CAD is of pivotal importance to our study of wave pipelining and wave pipelining techniques. We use a two phase technique to achieve wave pipelining. The first phase involves a rough tuning of the paths so that the minimum paths have delay within the same general range as the maximum delay. The second phase refines the match so that a minimum clock time can be achieved. Wave pipelining has illustrated the limitation of much of our current circuit technology. With a conventionally clocked circuit, the only delay that is important is the maximum delay. In a wave pipelined circuit, the skew between maximum and minimum delay is of vital importance. A circuit that has an asymmetric rise and fall delay are much less useful than circuits with balanced rise and fall delay. Typically CMOS circuits have a large delay skew and do not at this time appear useful or promising for wave pipelining. However, one active area of research is to find or design BiCMOS circuit realizations that achieve a better control over delay skew.
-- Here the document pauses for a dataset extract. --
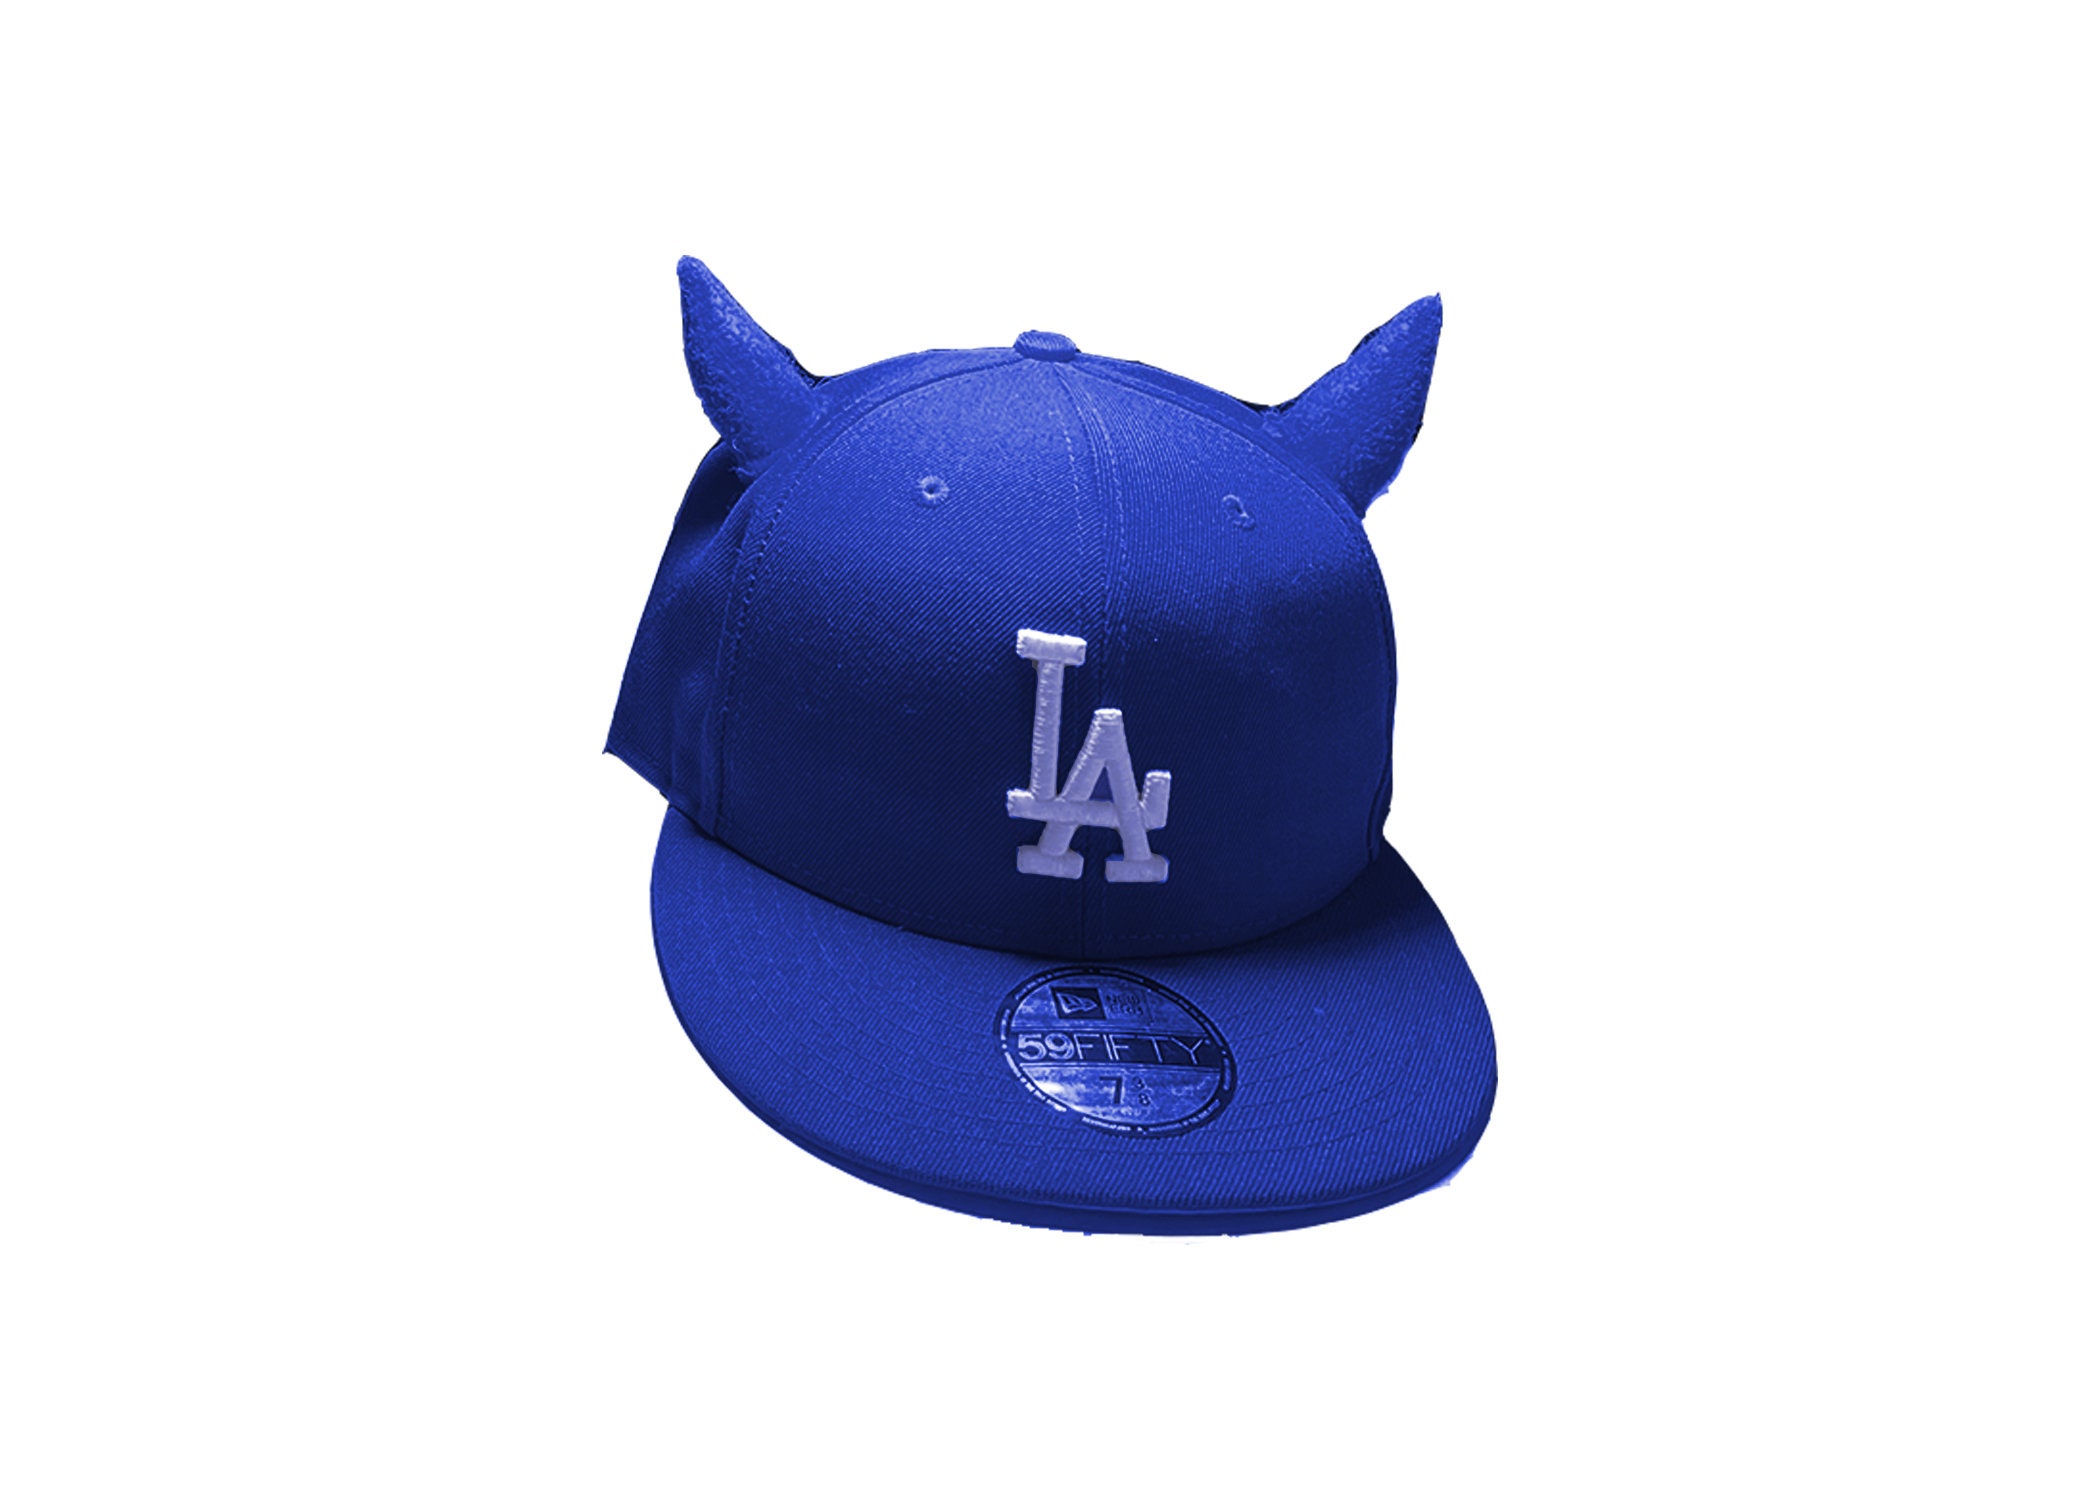 Vintage 90s Brooklyn Dodgers Hat 1938 Logo MLB Baseball Cap

In another area, CAD has provided a significant insight into the arrangement of counters for the reduction of partial products in multiplication. These tools allow a rapid generation of the partial product reduction trees based on various assumptions regarding the structure of the counter, that is, used as the basis for partial product reduction.
3 Progress Summary

3.1 Circuits and Packaging

3.1.1 General Approach (B. Wooley)

In the architecture currently being examined for the implementation of arithmetic processors with execution times on the order of one nanosecond or less, the achievable performance seems likely to be governed by the delays associated with fetching operands from, and returning results to, a register file. Our initial research into circuits and packaging has therefore focused on these operations.

For execution times below 10 nanoseconds, the delays associated with inter-chip interconnections become an increasingly severe limitation. Advanced passive packaging technologies attack this problem through scaling of the interconnections. However, there typically remain severe impedance mismatches, and therefore delay penalties, at the chip-substrate boundaries. In this program considerable effort is being devoted to the exploration of an active substrate approach to system integration. With this approach, processor and memory chips are attached to a silicon substrate containing both low-loss, high-speed transmission lines and active devices that can be used to implement driver and receiver interfaces as well as pipelined data paths.
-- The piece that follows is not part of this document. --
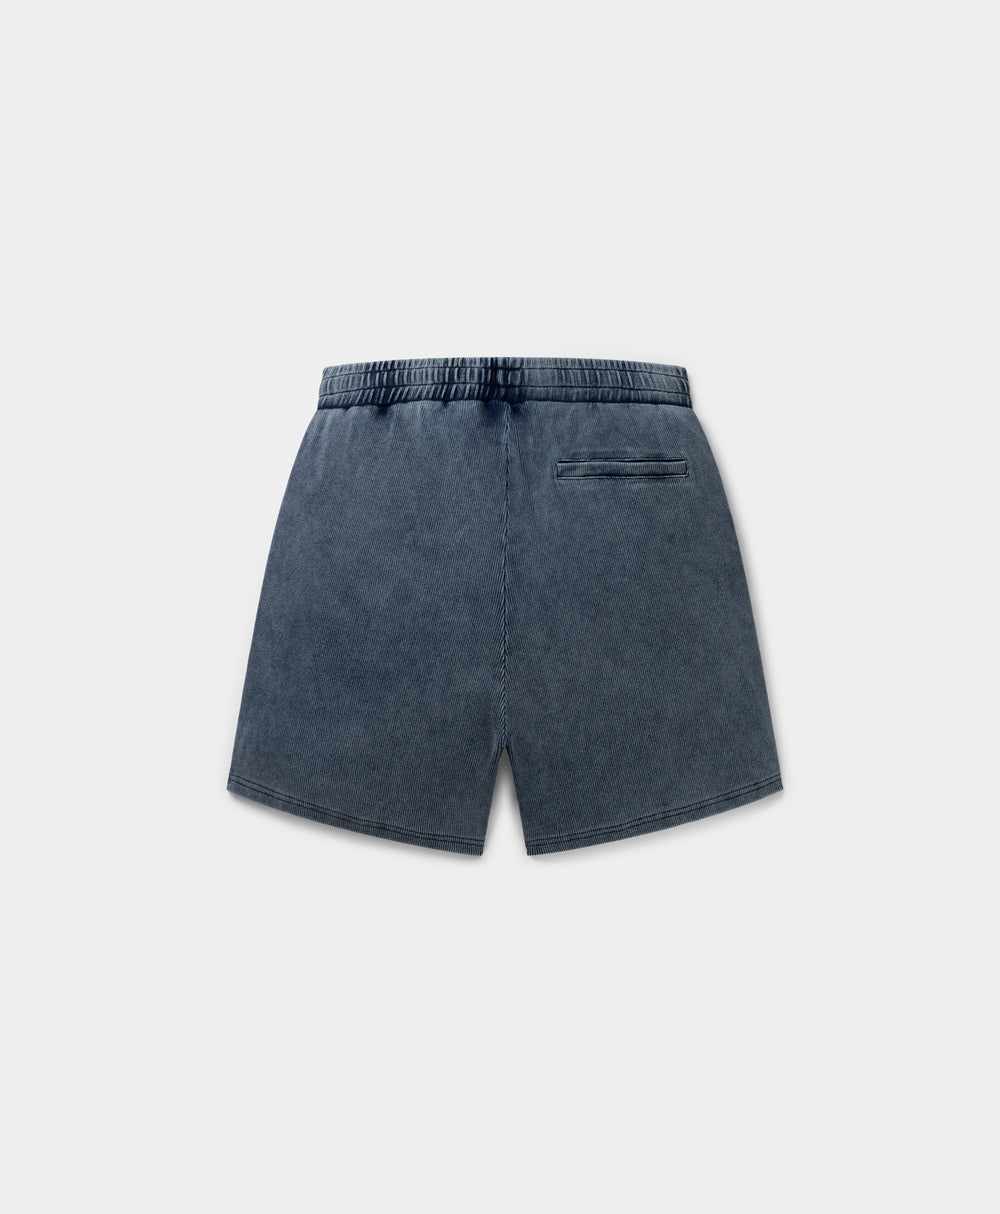 DP - Blue Abasi Shorts - Packshot - Rear

To demonstrate the feasibility of the active substrate approach, we have begun the design of a prototype system that combines a functional processor element with a register file. Custom interface circuits are being implemented at the register-to-substrate boundary, but not at the processor-to-substrate interface. In this way, it is possible to examine the relative benefits of active and passive packaging approaches within a single demonstration vehicle.

The technology for the active substrate combines a BiCMOS integrated circuit technology with special interchip interconnection metallization that provides lower loss transmission lines than conventional VLSI metallization. To achieve the highest possible speeds within the active substrate, low voltage swings must be maintained throughout the critical paths. Current-switching bipolar circuits are considered essential to this purpose. However, as in the processor elements themselves, it may be necessary to extensively pipeline the interchip data flow. The availability of MOS circuits within
the substrate, for both dynamic and static storage elements, addresses this need.

Important design parameters for the register file itself include the number of registers (at least 16), the register width (64 or 80 bits), and the number of independent read, write and read/write ports. All of these parameters depend intimately on the instruction set architecture and the pipelining strategy adopted for the overall system.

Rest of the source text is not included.